◆ Directions for this task
The expected result is the full listing, retyped exactly, without a single picture.

◆ Stored data
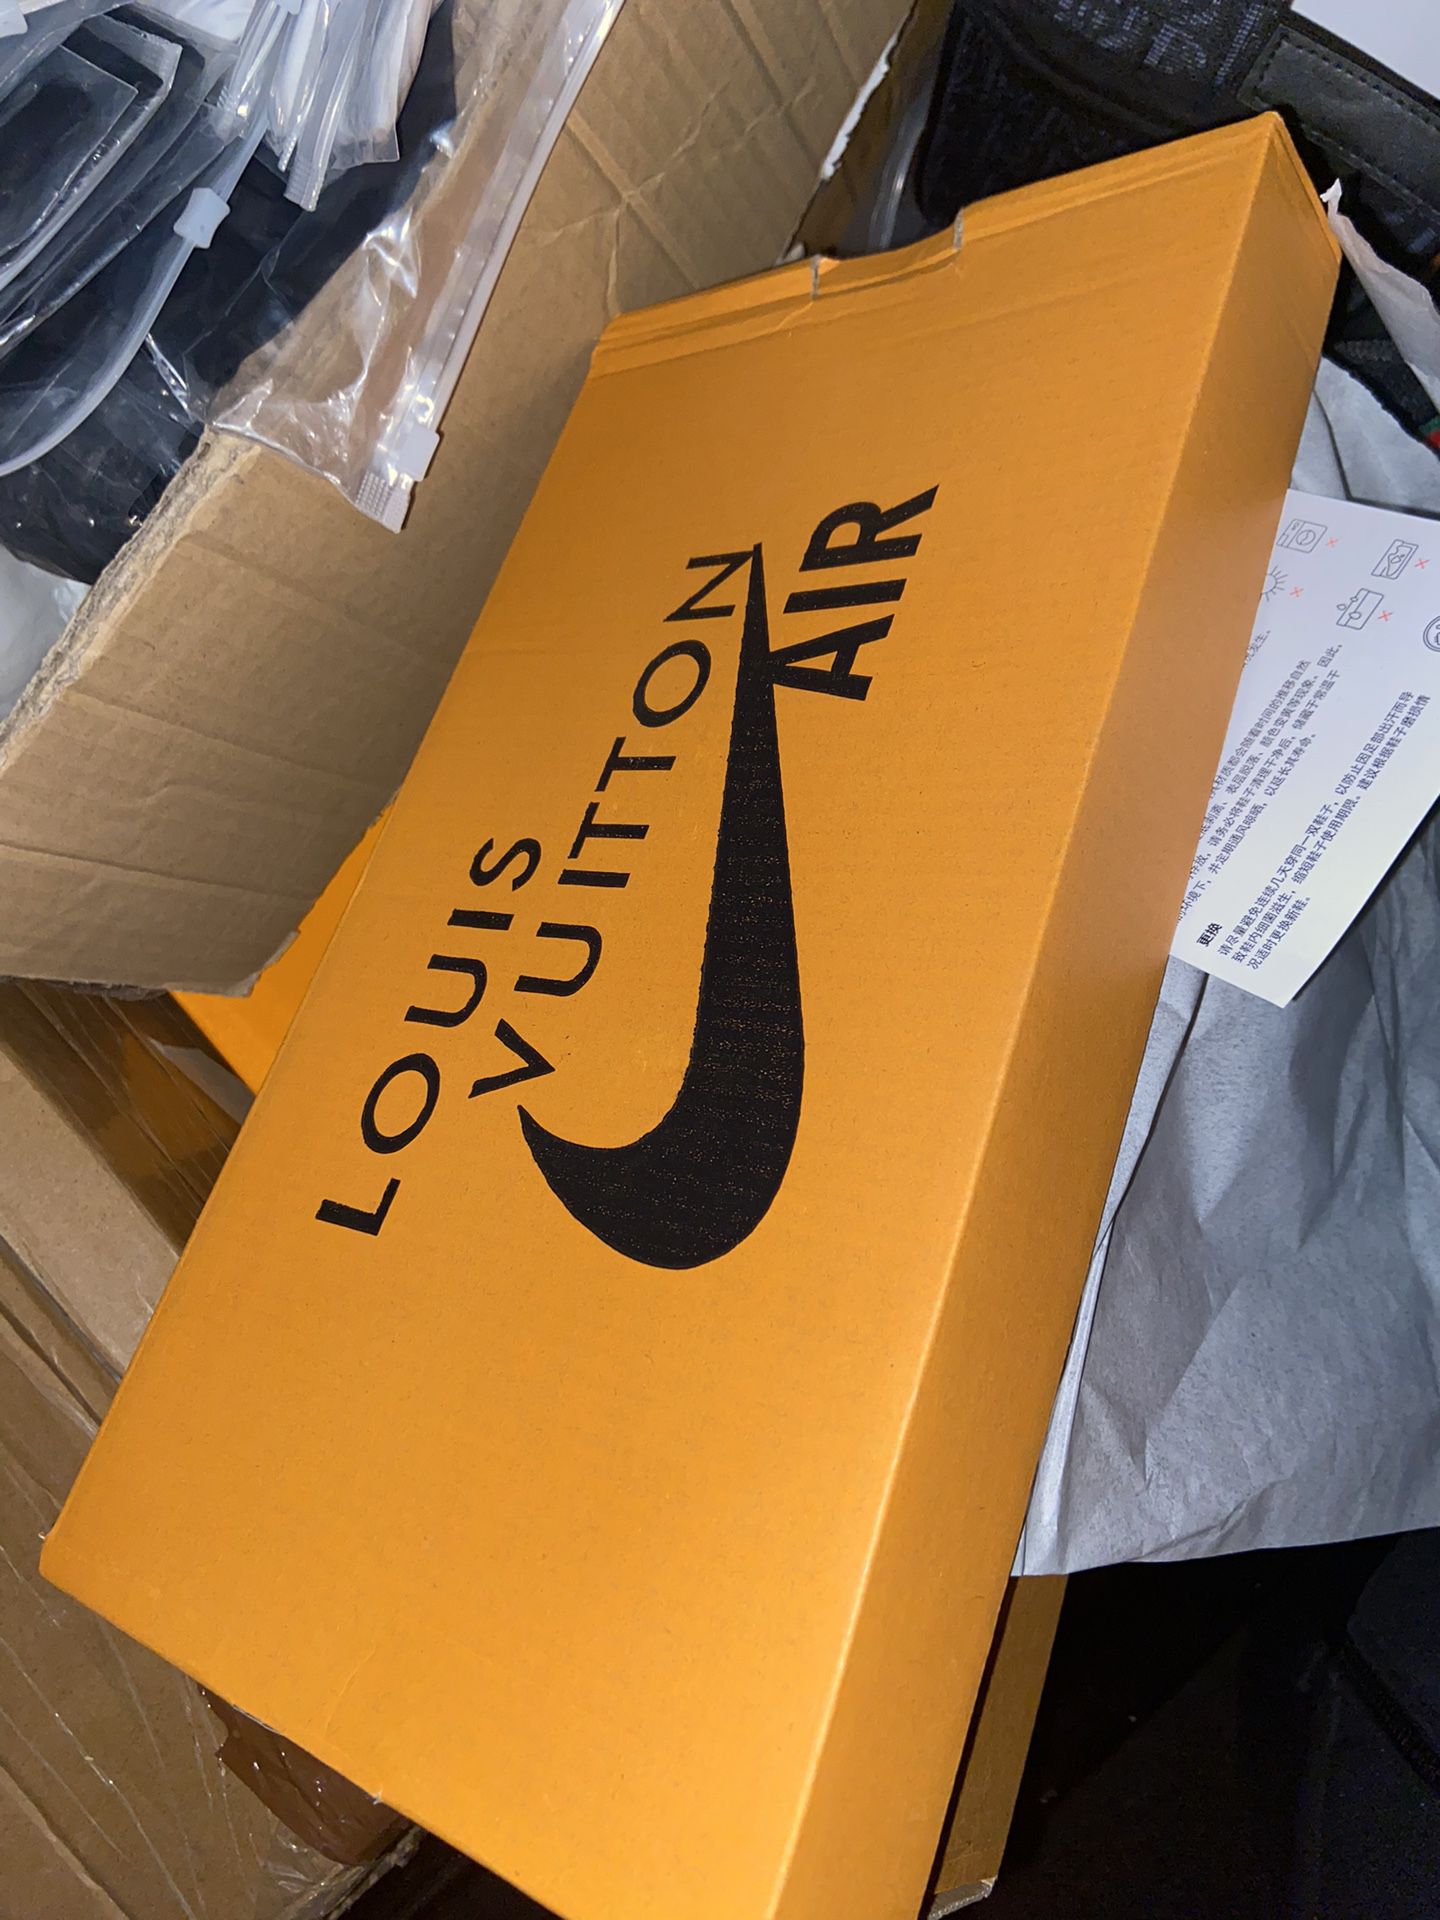 Nike Air Force 1 Blue X Louis Vuitton Size 10 Men for Sale in Burbank, CA -  OfferUp
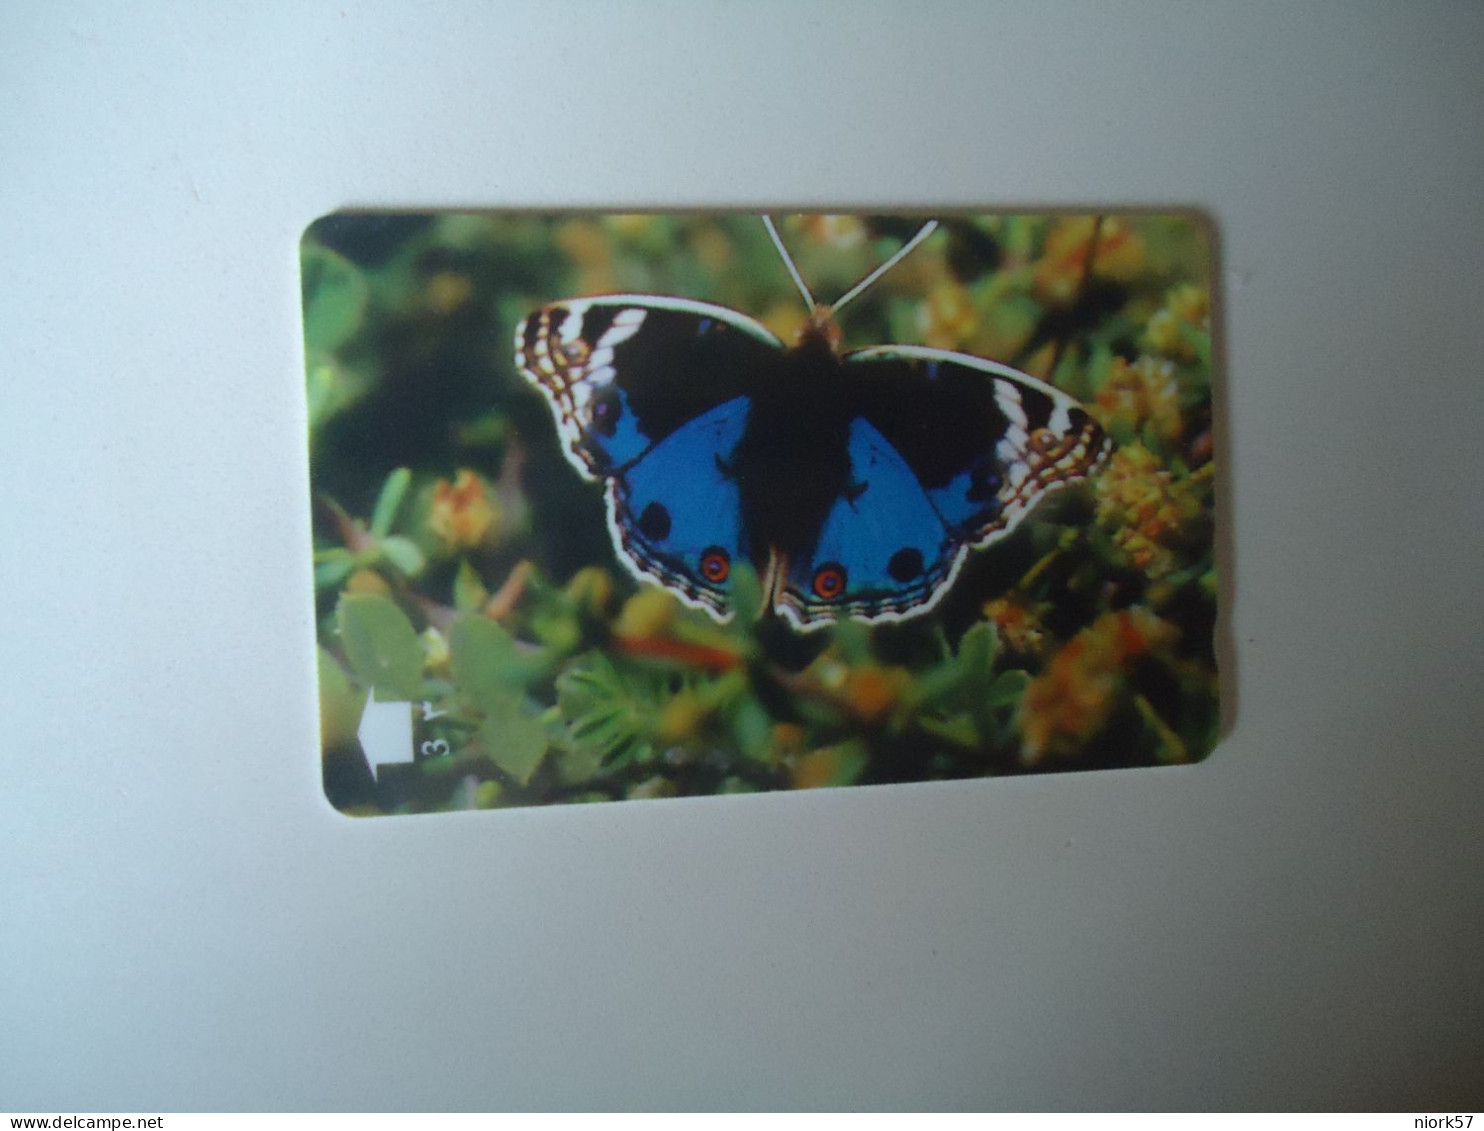 OMAN  USED   PHONECARDS  BUTTERFLIES - Papillons
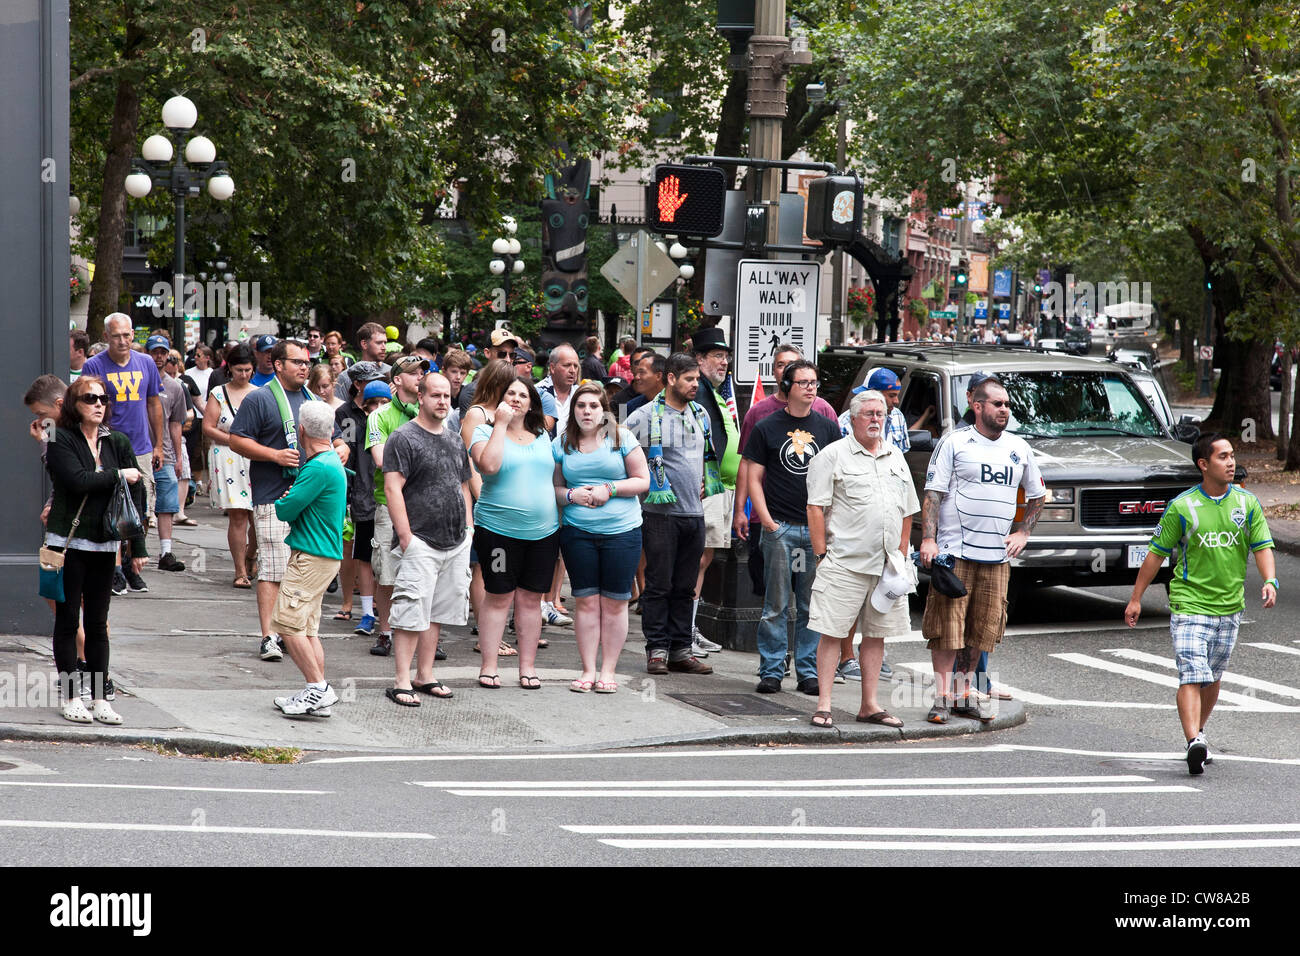 crowd Seattle Sounders soccer fans waiting to cross Pioneer Square at allway walk intersection after watching team defeat Vancouver White Caps Stock Photo
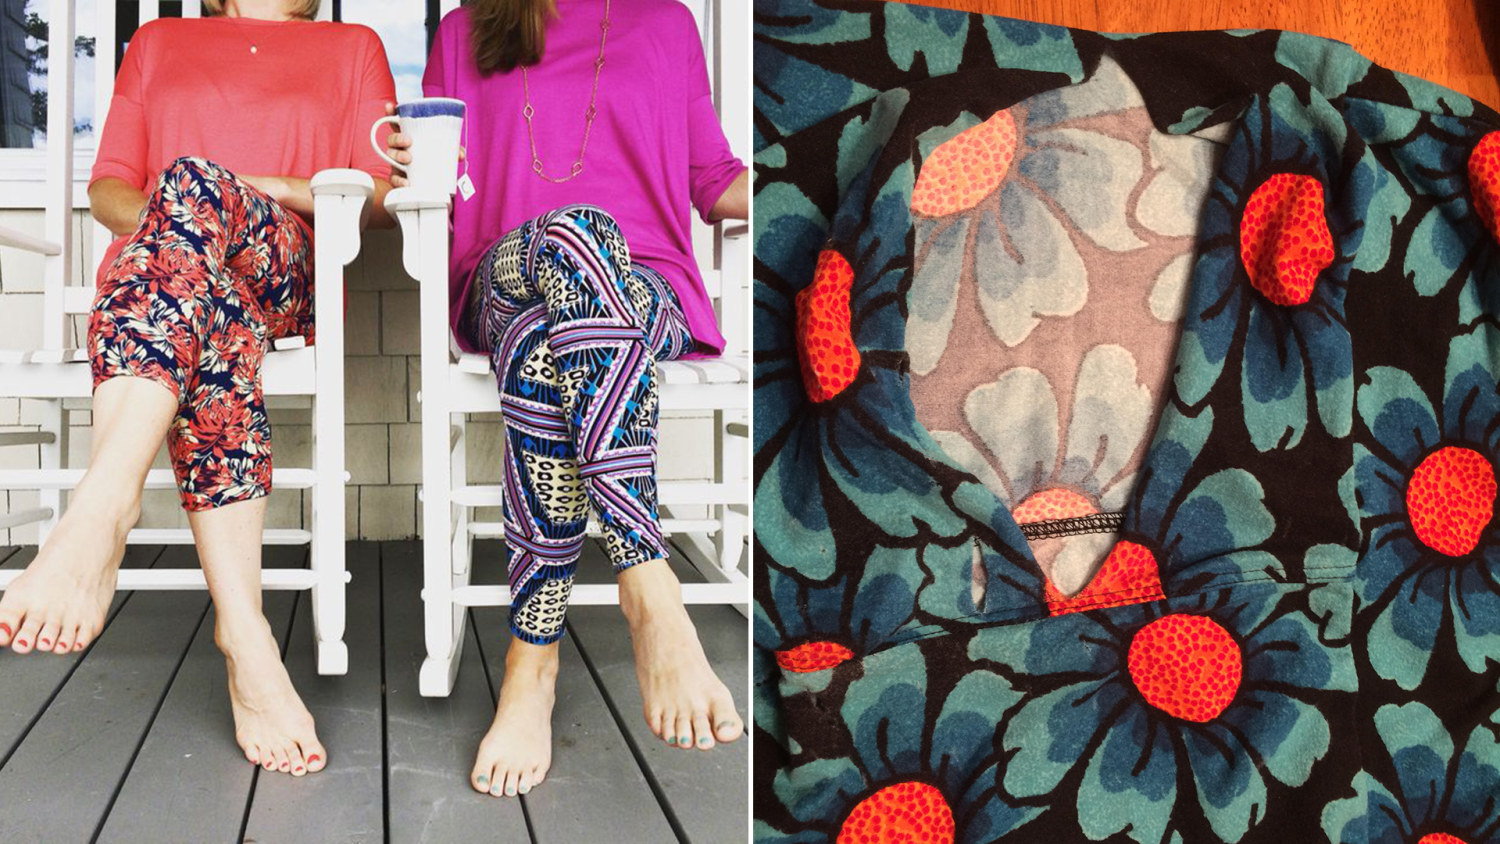 How to Get a Refund for LuLaRoe's Defective Leggings

◆ Exercise response
 Nike Air Force 1 Blue X Louis Vuitton Size 10 Men for Sale in Burbank, CA -  OfferUp
 OMAN  USED   PHONECARDS  BUTTERFLIES - Papillons
 crowd Seattle Sounders soccer fans waiting to cross Pioneer Square at allway walk intersection after watching team defeat Vancouver White Caps Stock Photo
 How to Get a Refund for LuLaRoe's Defective Leggings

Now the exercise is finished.